## EXERCISE OBJECTIVE
All of the data below must be reproduced word for word, but without its images.

## INFORMATION SUPPLIED
—————
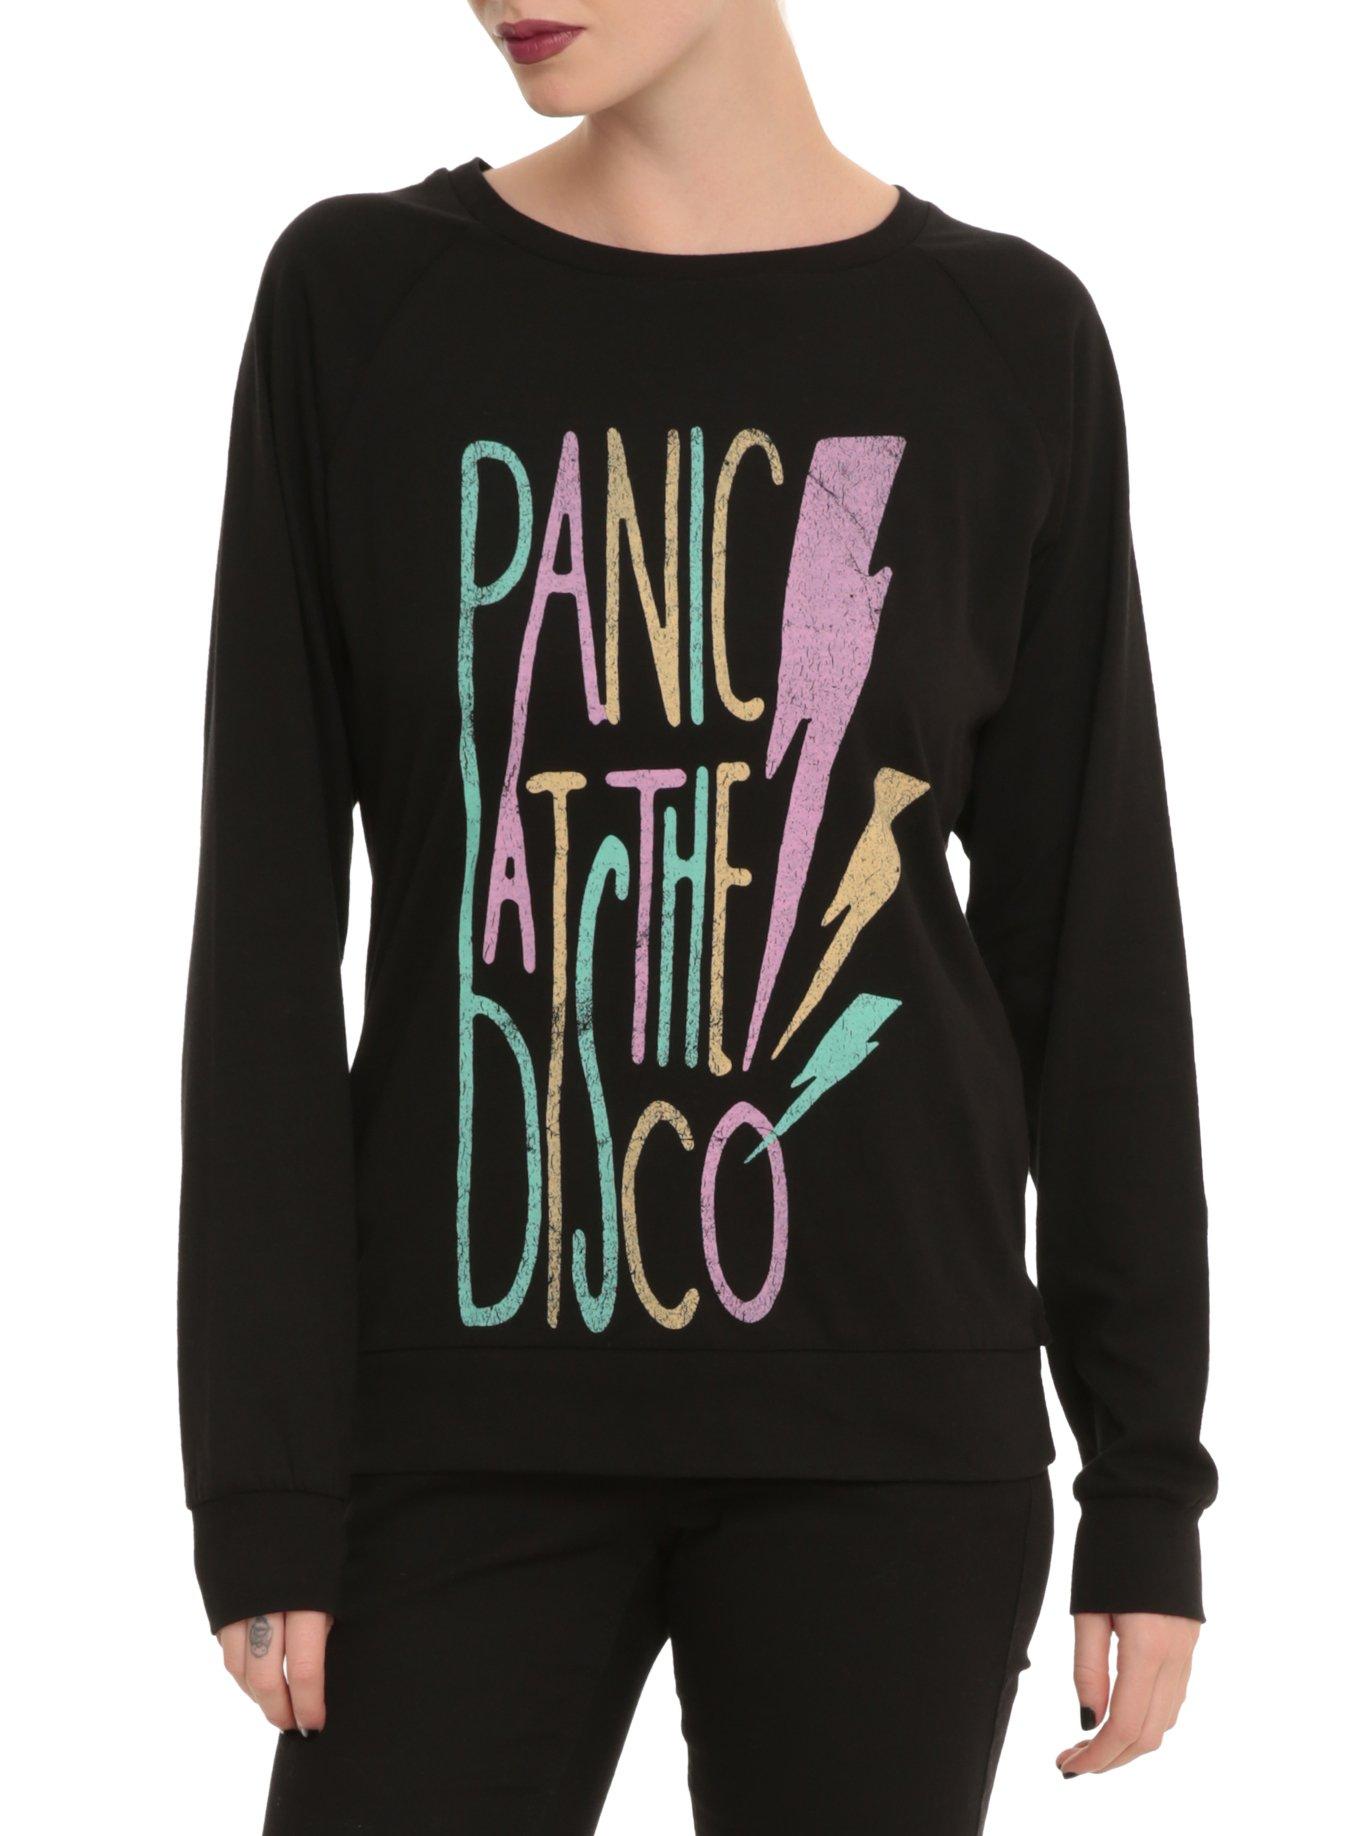 Panic! At The Disco Lightning Bolt Pullover Top, BLACK, hi-res
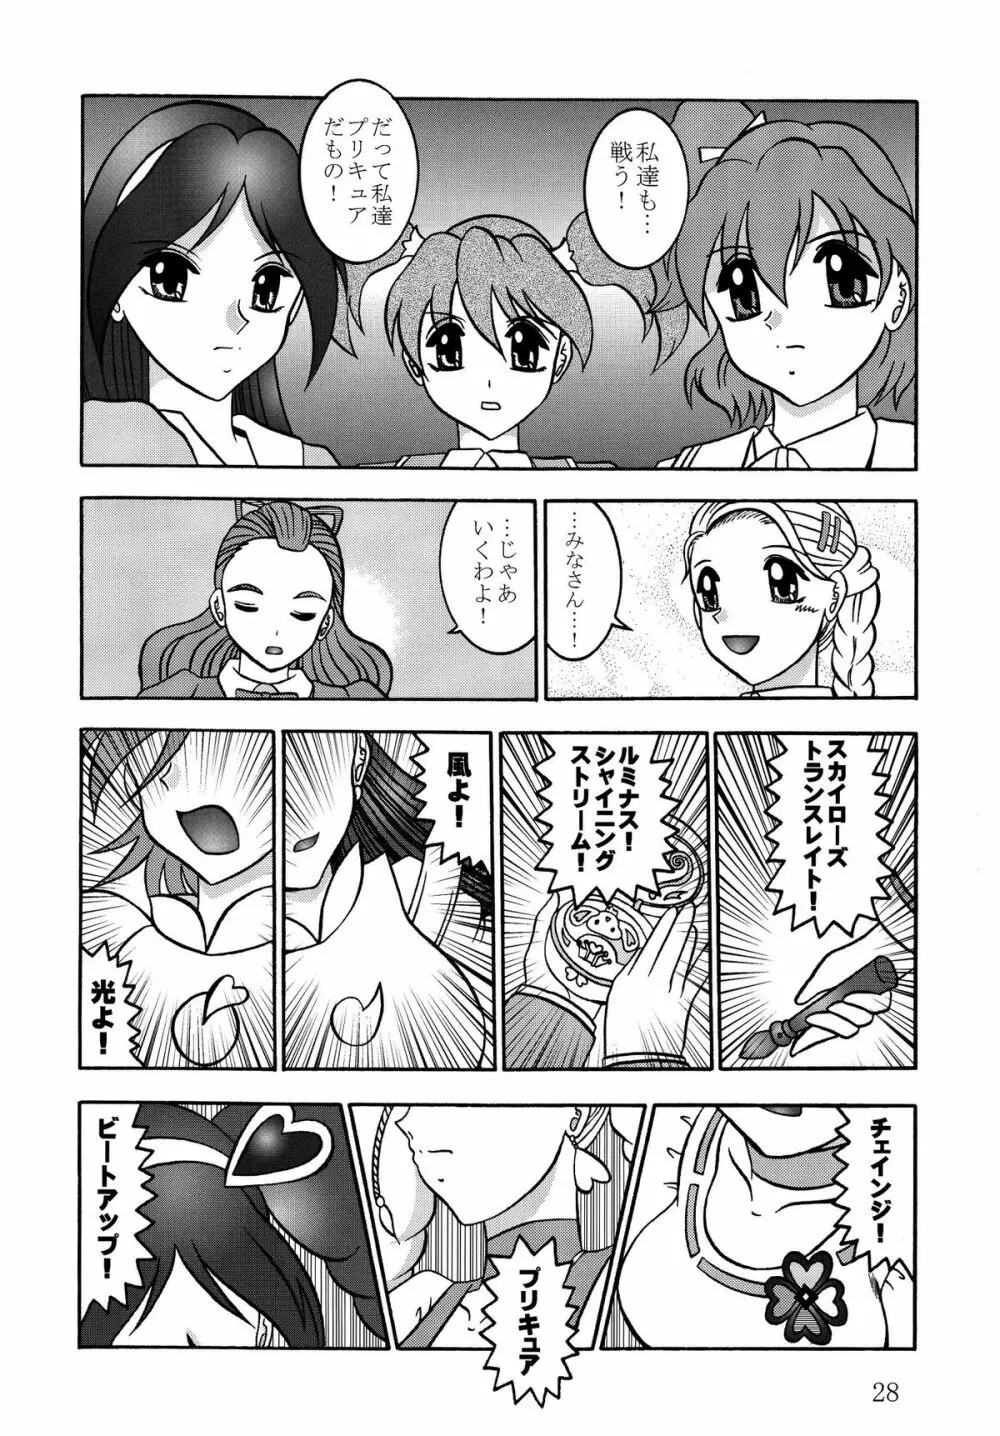 GREATEST ECLIPSE Stardust SEED～星散～ Page.28
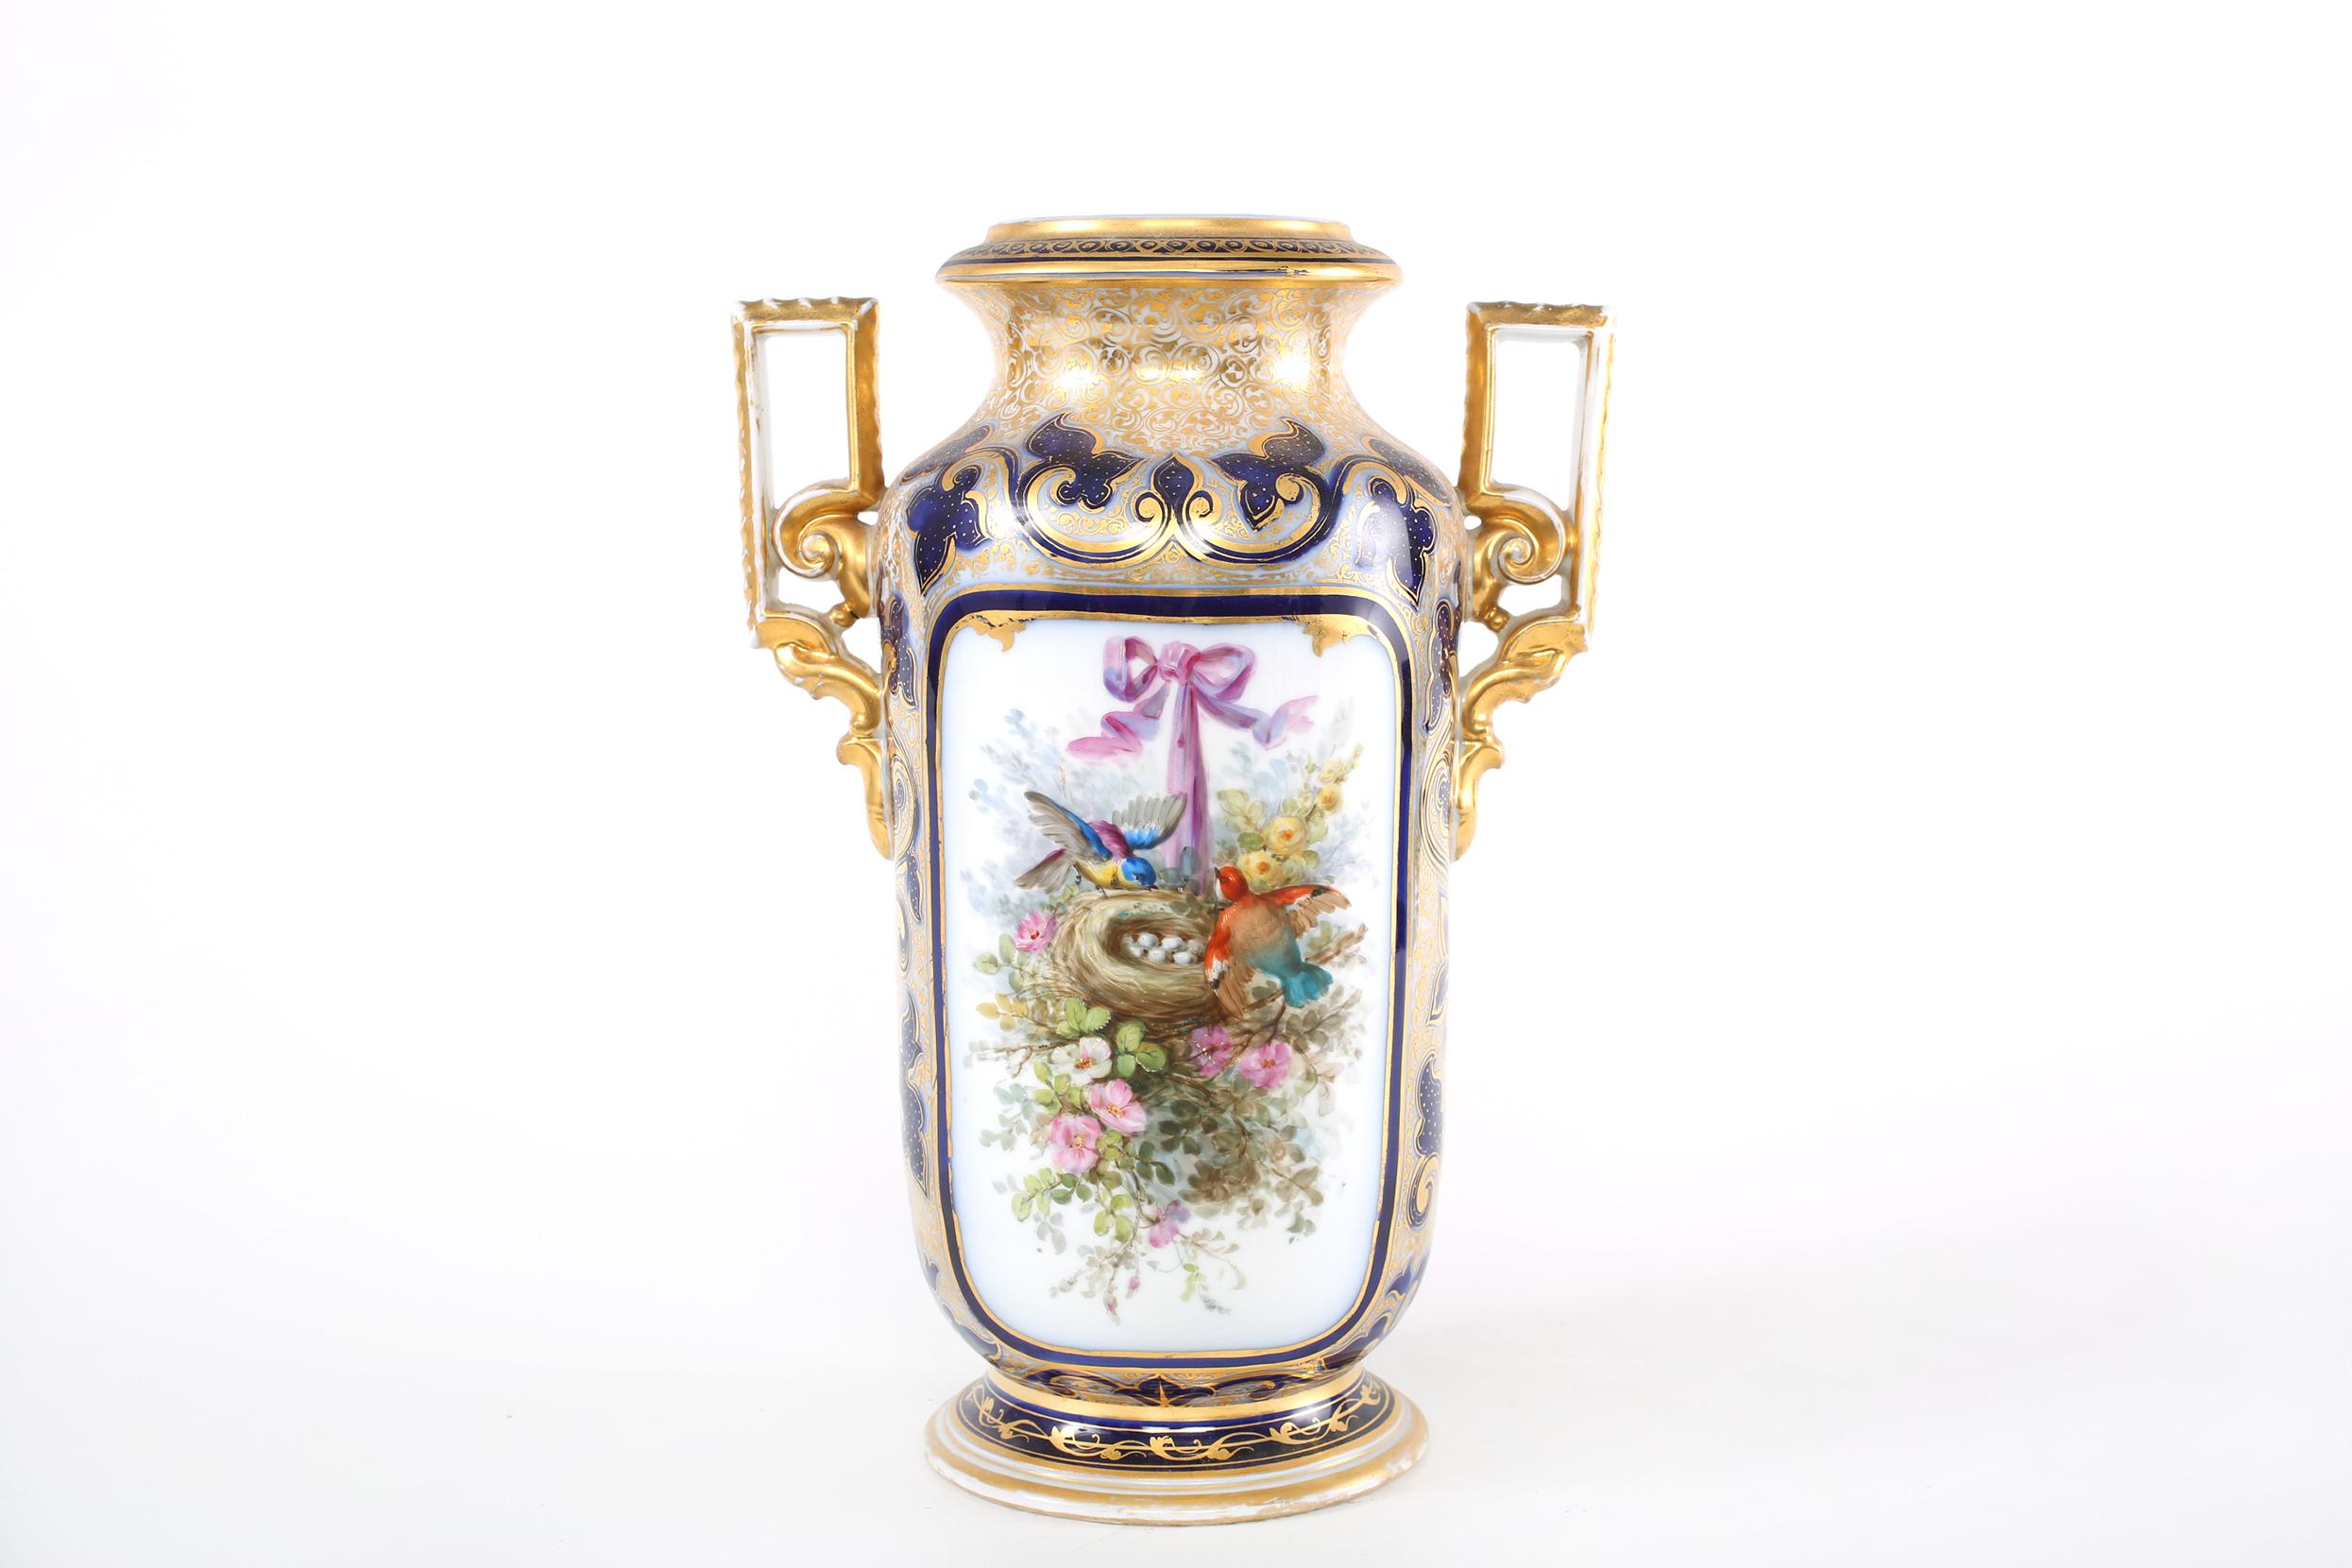 Mid 19th century French porcelain decorative vase / piece with exterior gilt gold painted scene design details and side handles. The vase / piece is in good condition with appropriate wear consistent with age / use. The vase / piece stands about 17
—————
## SOLUTION
 Panic! At The Disco Lightning Bolt Pullover Top, BLACK, hi-res
 GREATEST ECLIPSE Stardust SEED～星散～ Page.28
 Mid 19th century French porcelain decorative vase / piece with exterior gilt gold painted scene design details and side handles. The vase / piece is in good condition with appropriate wear consistent with age / use. The vase / piece stands about 17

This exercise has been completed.